Provided information:

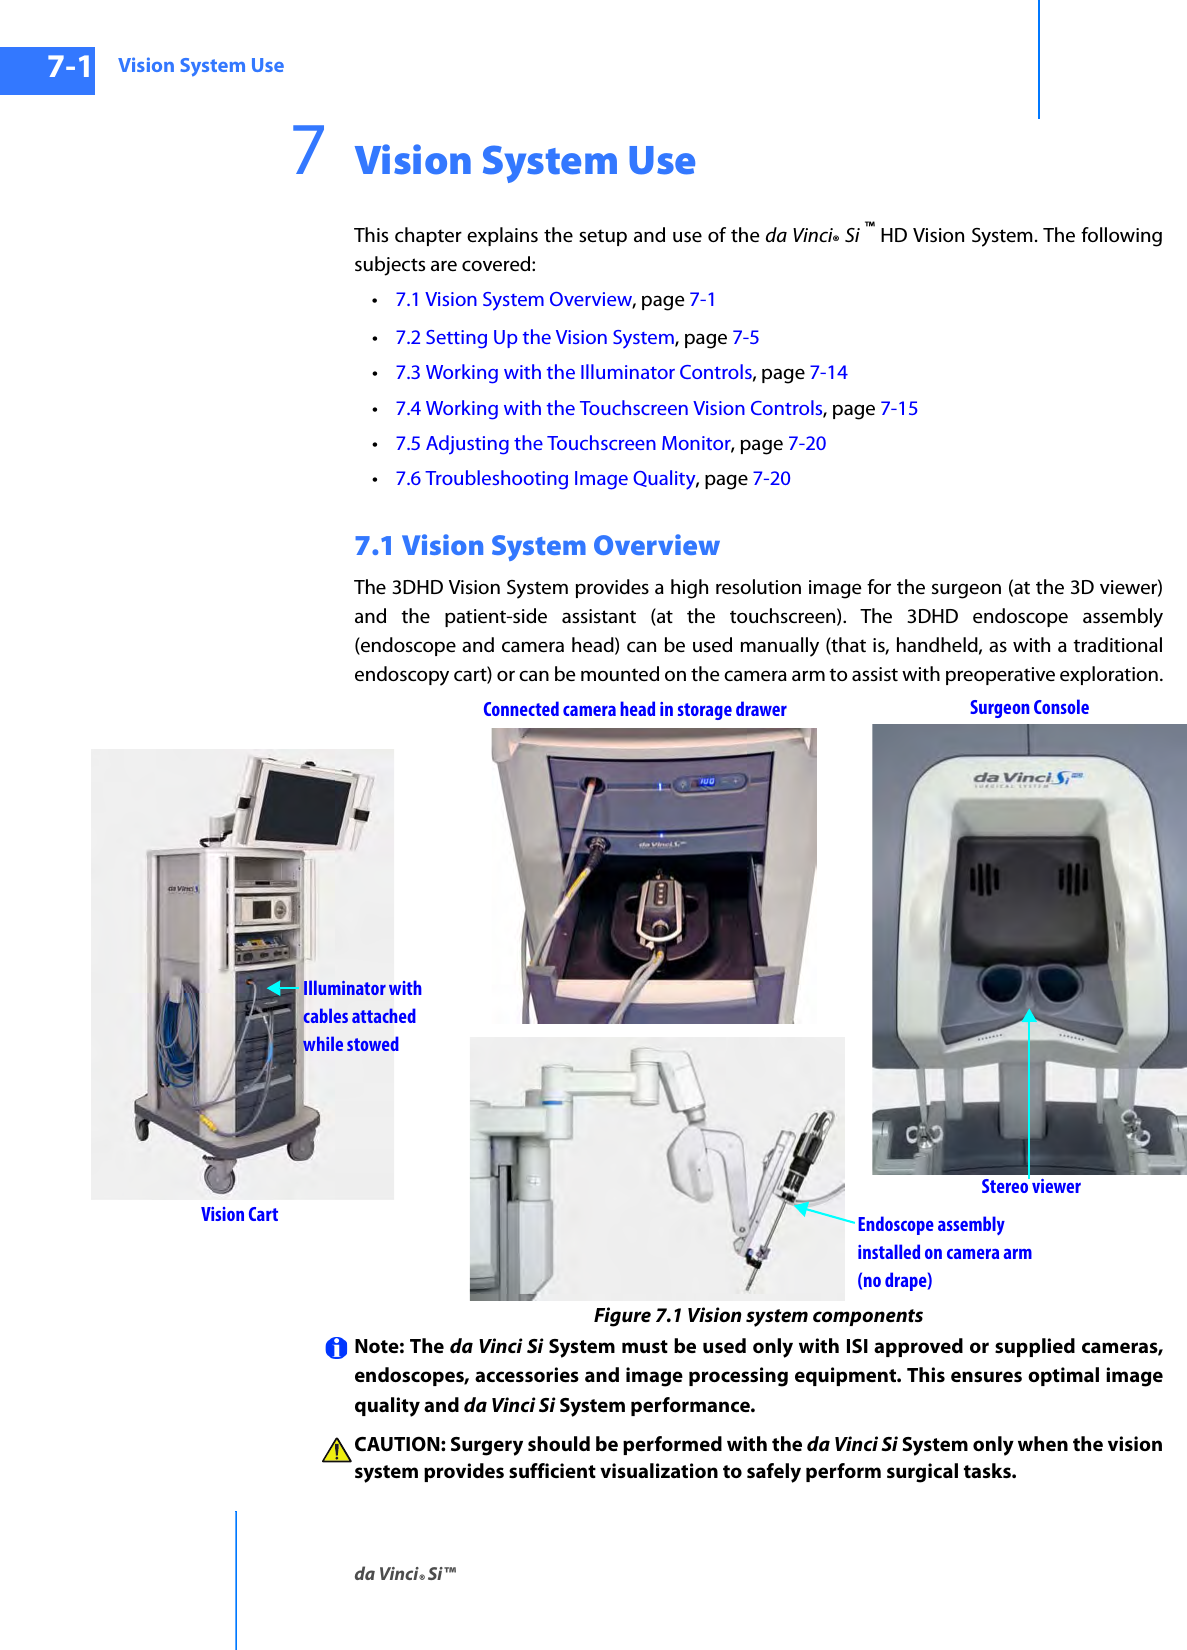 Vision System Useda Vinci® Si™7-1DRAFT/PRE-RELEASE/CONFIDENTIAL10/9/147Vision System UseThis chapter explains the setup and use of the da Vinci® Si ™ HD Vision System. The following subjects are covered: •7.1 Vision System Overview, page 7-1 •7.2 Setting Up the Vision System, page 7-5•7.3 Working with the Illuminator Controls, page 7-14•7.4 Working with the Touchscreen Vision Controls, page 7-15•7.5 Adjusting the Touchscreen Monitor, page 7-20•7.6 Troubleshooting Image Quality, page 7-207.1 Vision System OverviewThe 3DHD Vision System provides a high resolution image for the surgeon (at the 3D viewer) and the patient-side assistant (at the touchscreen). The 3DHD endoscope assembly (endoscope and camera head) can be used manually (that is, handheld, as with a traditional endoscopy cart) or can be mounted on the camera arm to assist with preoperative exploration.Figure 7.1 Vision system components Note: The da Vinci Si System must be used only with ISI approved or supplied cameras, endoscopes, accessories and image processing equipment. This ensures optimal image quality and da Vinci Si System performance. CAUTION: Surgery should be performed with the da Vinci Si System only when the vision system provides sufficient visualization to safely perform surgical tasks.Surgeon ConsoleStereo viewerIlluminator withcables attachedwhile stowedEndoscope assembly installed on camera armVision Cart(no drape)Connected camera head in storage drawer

* * *

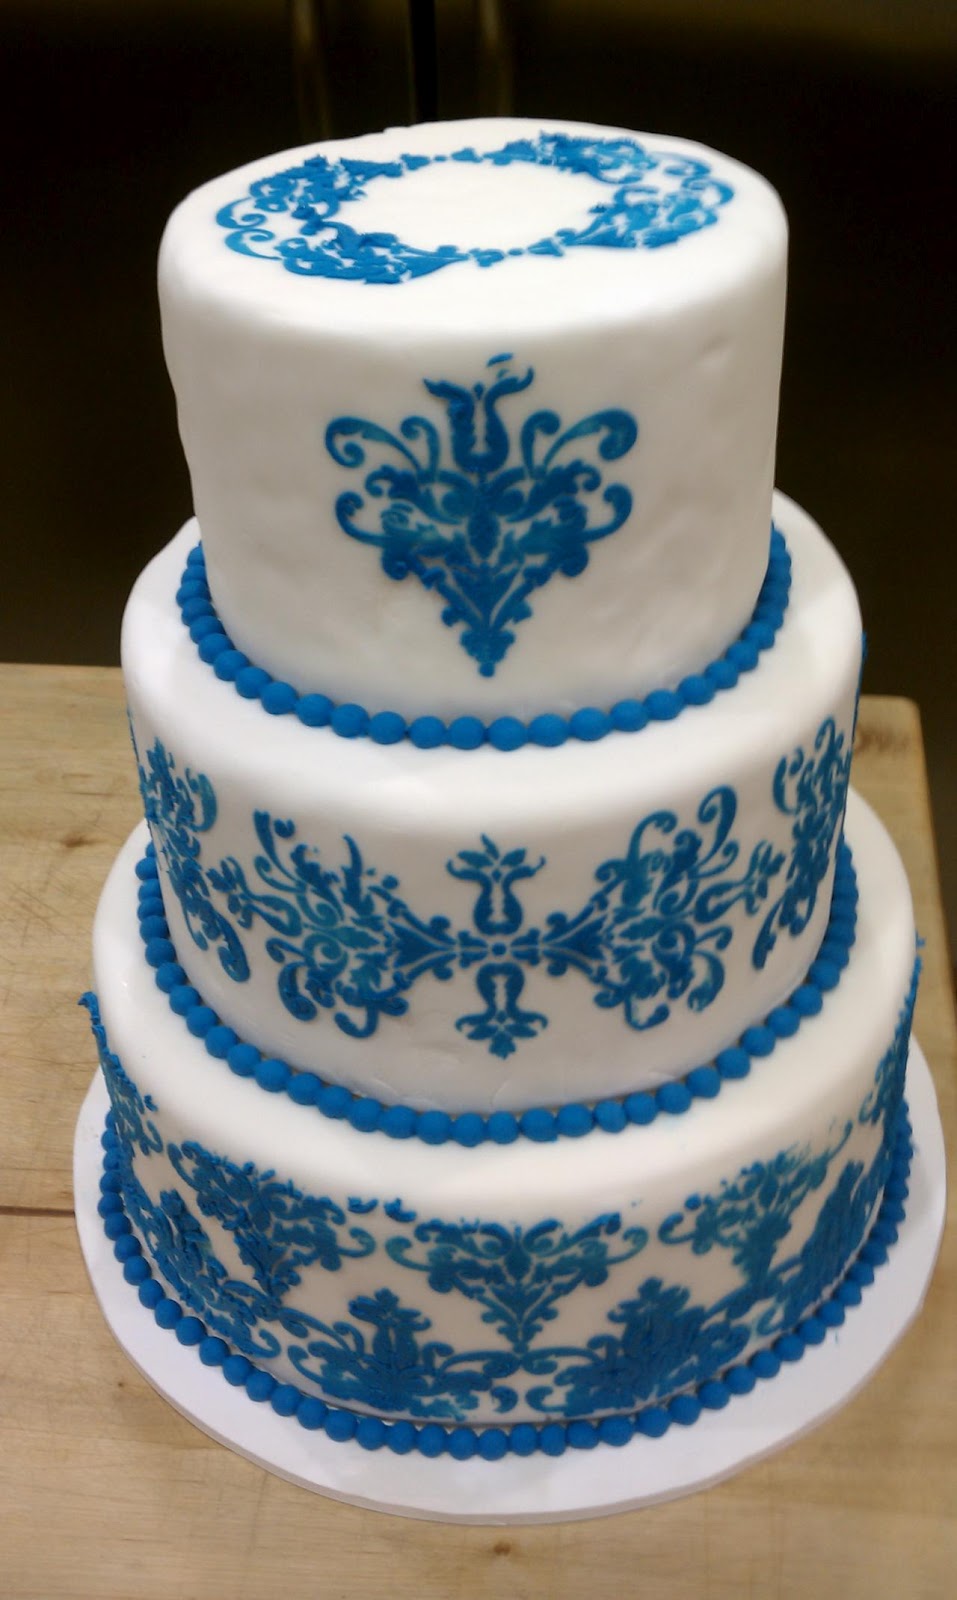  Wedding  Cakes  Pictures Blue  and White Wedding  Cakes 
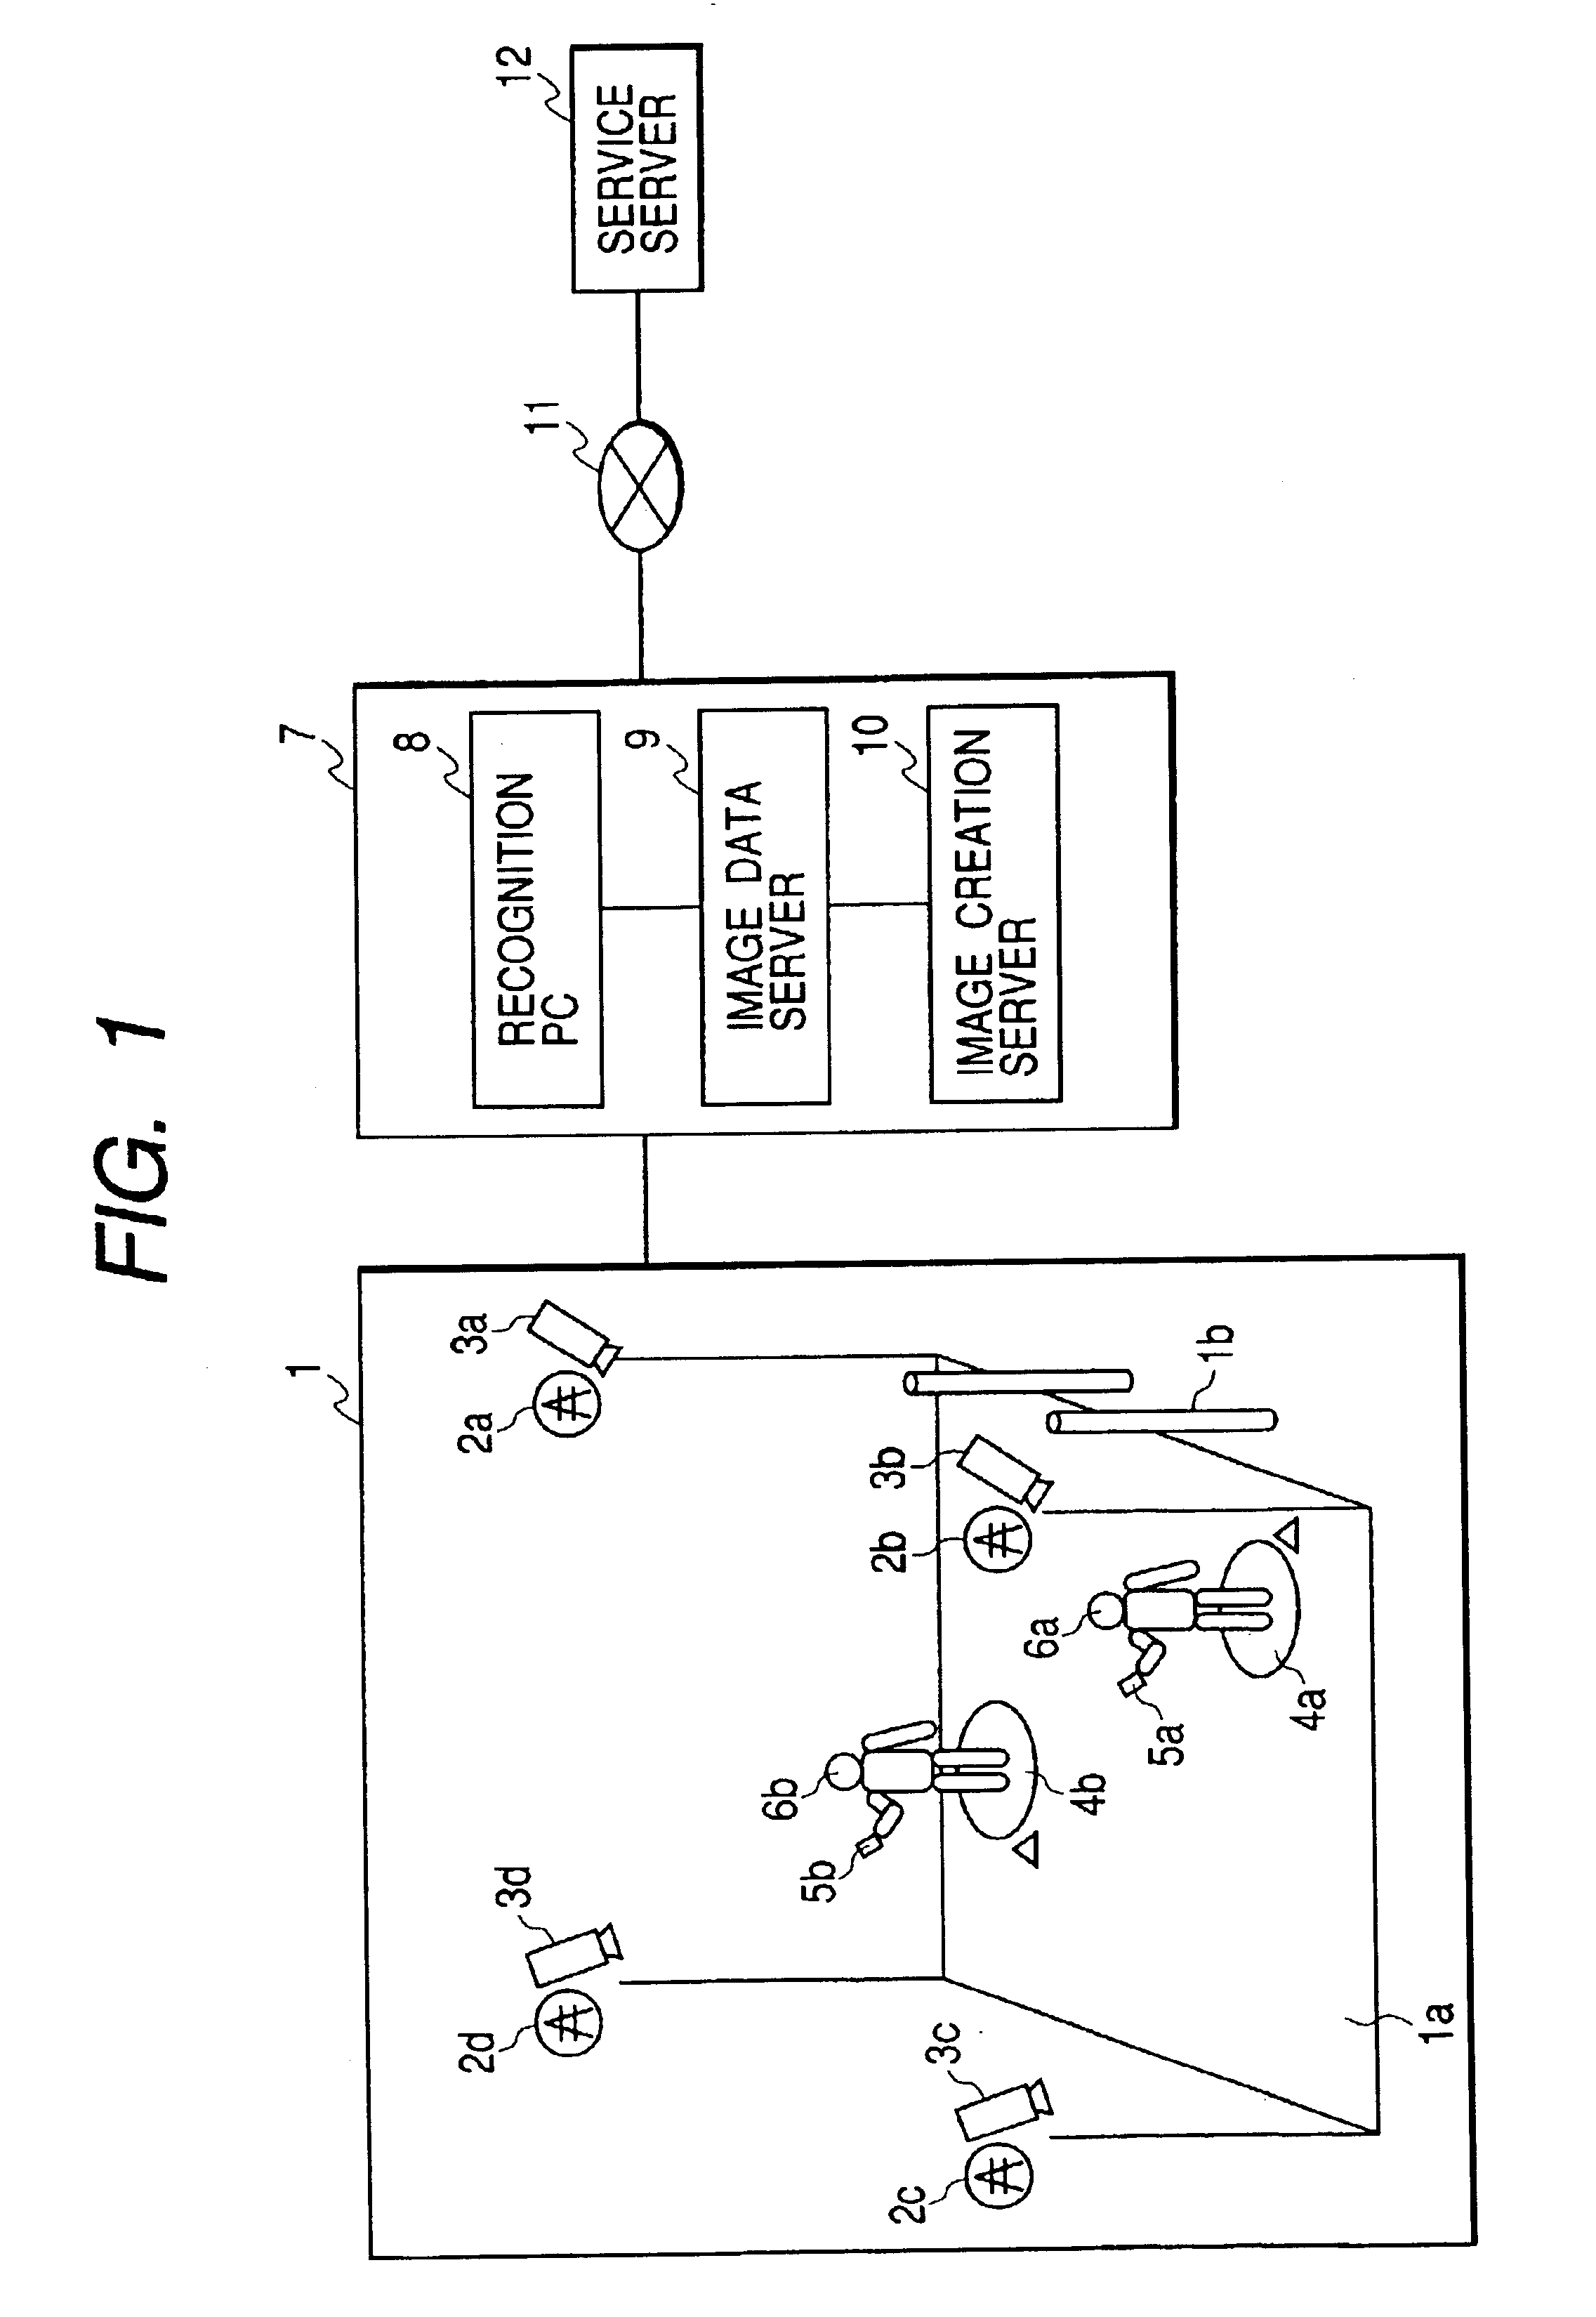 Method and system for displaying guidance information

What needs to be done:
In the listing above, find the line containing "and White Wedding" and the line containing "Method and system"; print those lines and every line between them exactly, leaving out pictures.

Answer to this exercise:
  Wedding  Cakes  Pictures Blue  and White Wedding  Cakes 
 Method and system for displaying guidance information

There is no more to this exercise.